Test the bundle: build a vertical agent with all six, then compare to one with only patterns 3+5 (chat + variations). Sam’s claim is the gap will be qualitative, not incremental.
Related
- Claude Design — the product Sam is teardown-ing
- Claude Design Walkthrough (Paul Couvert) — usage-side perspective; pairs with this architecture-side teardown
- Claude Design Prototypes & UX — Anthropic’s own framing of the product
- Claude Design Presentations — handoff-pattern example (PowerPoint export)
- Claude Design Use Cases — leopardracer 10-use-cases playbook
- DESIGN.md format — the grounding-pattern format applied to design
- Refero Styles — DESIGN.md payload built for grounding-pattern consumption
- Karpathy: From Vibe Coding to Agentic Engineering — the Software 3.0 frame Sam’s patterns operate within
- Karpathy’s AutoResearch loop — sibling self-improving-loop pattern
- 2026 Claude Code AIOS Pattern — convergent practitioner evidence on patterns 1+2 specifically
- Agent Skills overview — skill format as another expression of the grounding+memory pattern
- Opus 4.7 best practices — vision-model upgrade enables pattern 4
Open Questions
- Confirmation that Claude Design uses these exact patterns. Sam’s teardown is observational — based on watching the product behave. Anthropic has not (as of fetch date) published the architecture publicly. Worth tracking whether they confirm or correct the model.

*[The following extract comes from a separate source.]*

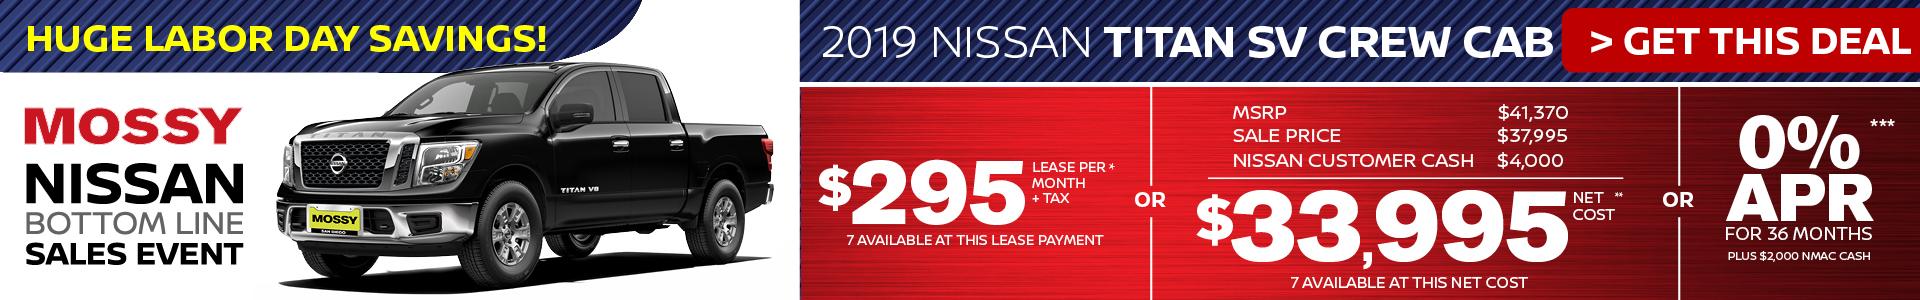 Mossy Nissan - Nissan Titan $33,995 Purchase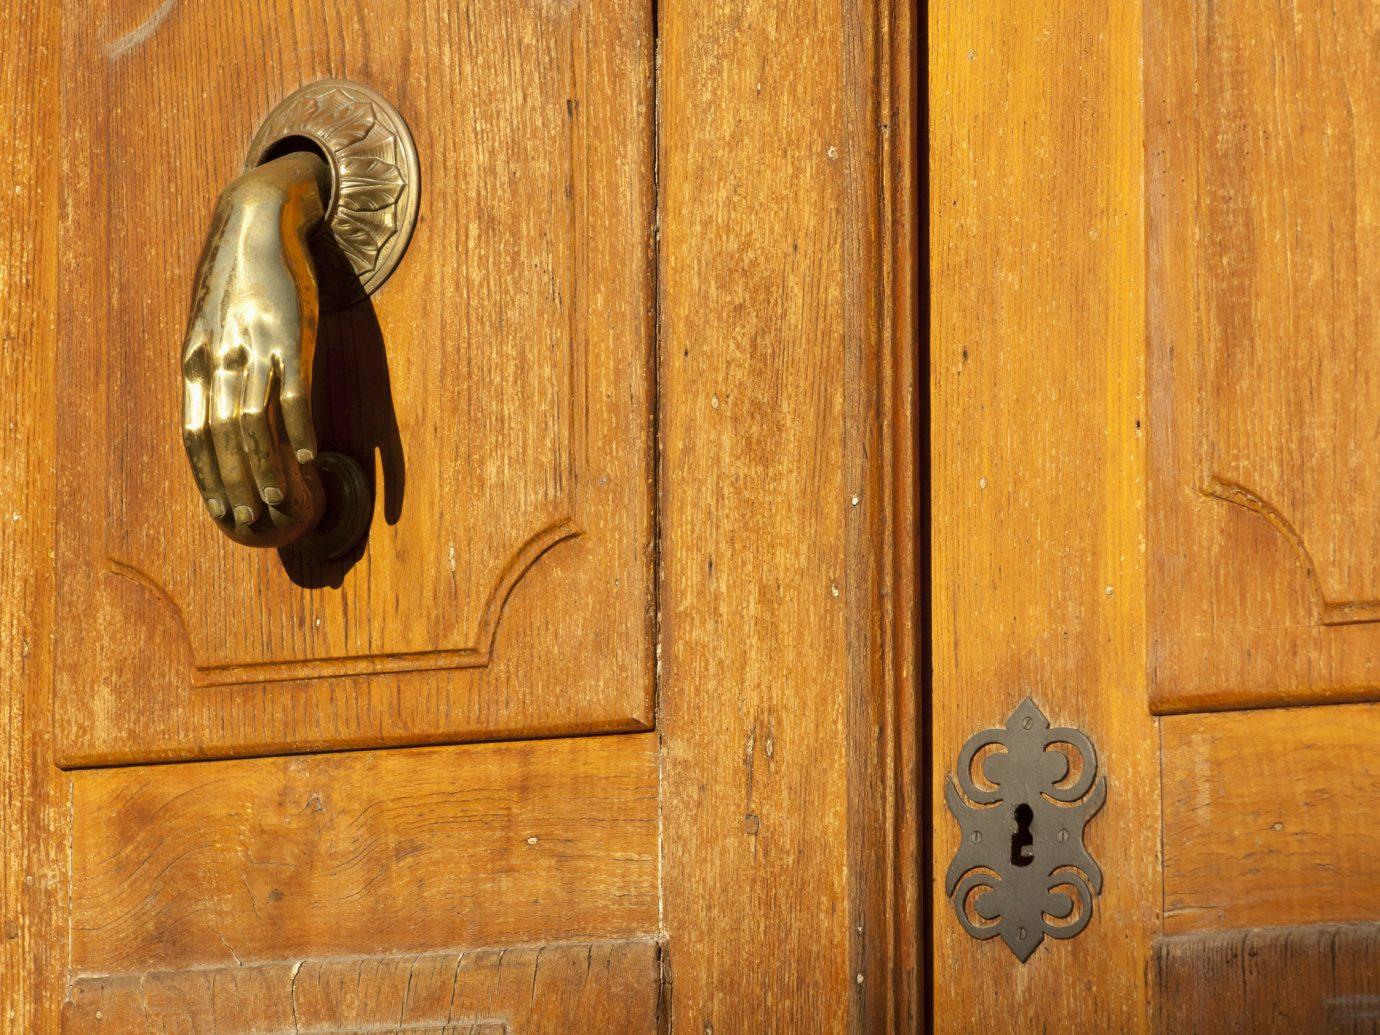 Offbeat wooden man made object wood door wall hardwood floor carving wood stain lock metalware wood flooring antique catch

- Multi-variation hierarchy formalization. Sam claims the agent has “learned the hierarchy of decisions” — is this prompt-engineered, RL’d, or emergent? Open.
- Token-economics of the self-QA loop. Pattern 4 is “burn more tokens for quality.” Whether that’s a constant 2-3× multiplier or something steeper depends on how many critique-and-iterate cycles run per generation.
- A2A status. Sam mentions A2A “hasn’t panned out like people thought” — worth checking against the Agent Teams reality and the broader MCP-vs-A2A landscape.
- Vertical agent reference implementations. Strong candidate for a follow-on connection-style article: pick a non-design vertical (legal, medical, or sales) and walk through all six patterns concretely.